Giovanni Chiarelli, Chief Technology and Information Officer for MTN SA said: “Next generation services such as virtual and augmented reality, ultra-high definition video streaming, and cloud gaming require massive capacity and higher user data rates. The use of millimeter-wave spectrum bands is one of the key 5G enabling technologies to deliver the required capacity and massive data rates required for 5G’s Enhanced Mobile Broadband use cases. MTN and Huawei’s joint field trial of the first 5G mmWave Fixed-Wireless Access solution in Africa will also pave the way for a fixed-wireless access solution that is capable of replacing conventional fixed access technologies, such as fibre.”

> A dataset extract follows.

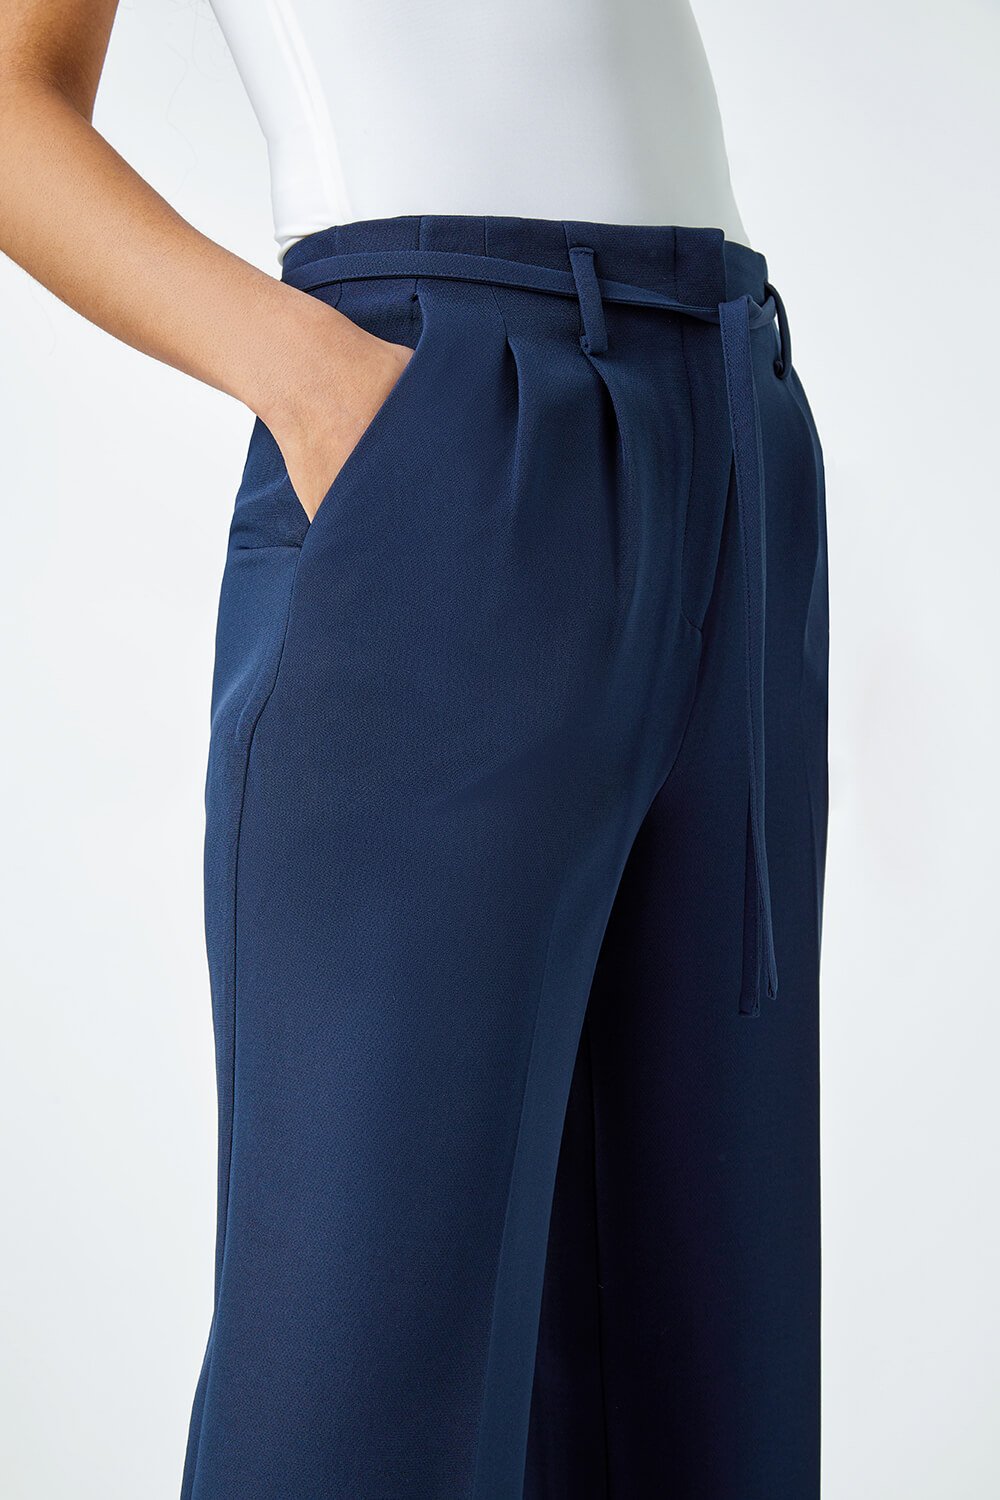 Navy  Crepe Stretch Straight Leg Trousers, Image 5 of 6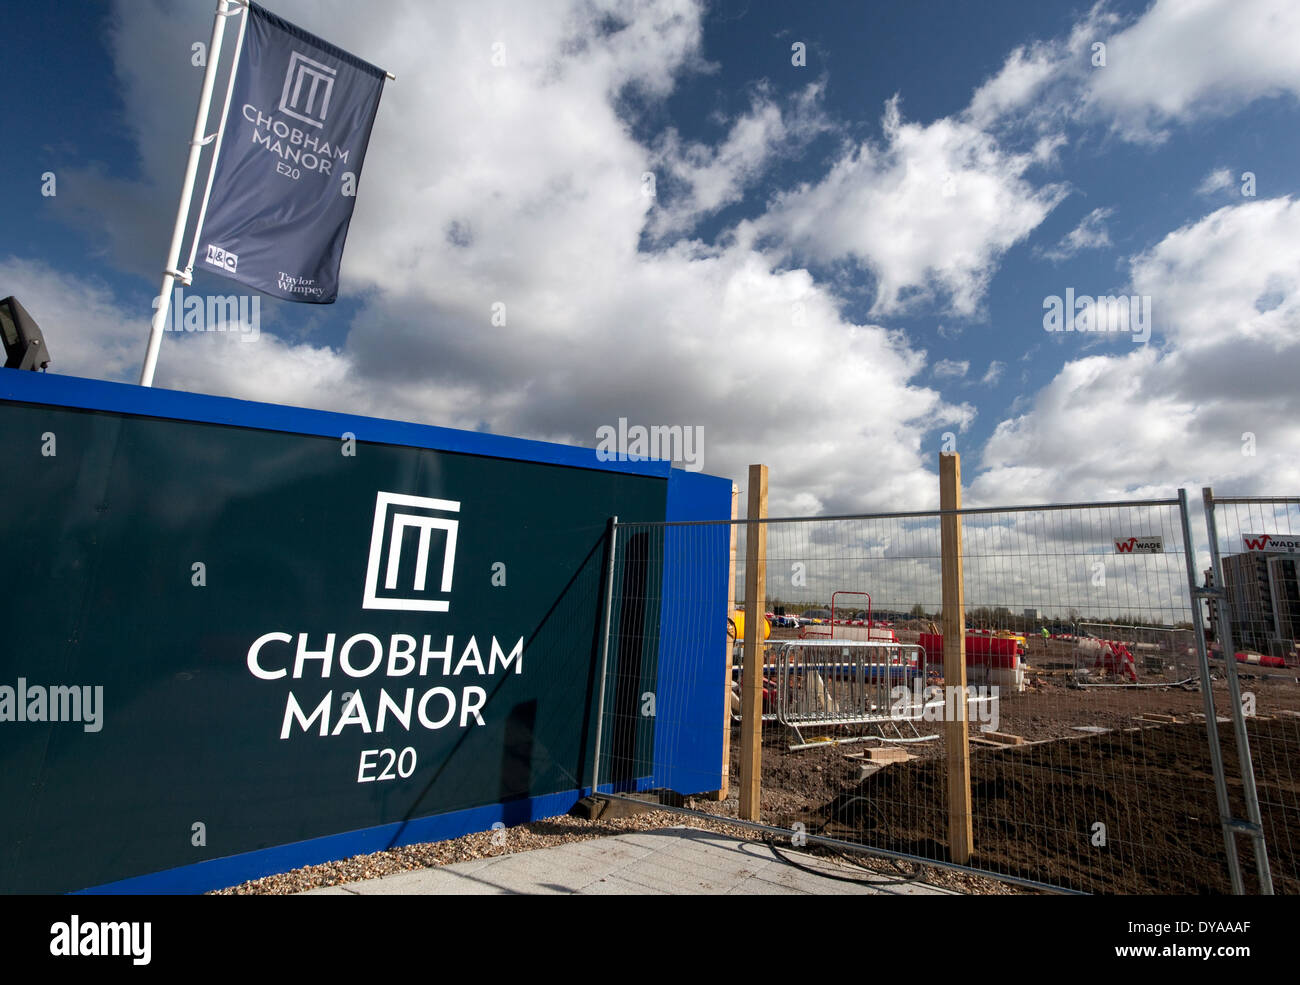 Chobham Manor E20, forthcoming residential development in Queen Elizabeth Olympic Park, London Stock Photo

“Huawei is continuing to invest heavily in innovative 5G technologies”, said Edward Deng, President of Wireless Network Product Line of Huawei. “5G mmWave technology can achieve unprecedented fiber-like speed for mobile broadband access. This trial has shown the capabilities of 5G technology to deliver exceptional user experience for Enhanced Mobile Broadband applications. With customer-centric innovation in mind, Huawei will continue to partner with MTN to deliver best-in-class advanced wireless solutions.”

“We are excited about the potential the technology will bring as well as the potential advancements we will see in the fields of medicine, entertainment and education. MTN has been investing heavily to further improve our network, with the recent “Best in Test” and MyBroadband best network recognition affirming this. With our focus on providing the South Africans with the best customer experience, speedy allocation of spectrum can help bring more of these technologies to our customers,” says Giovanni.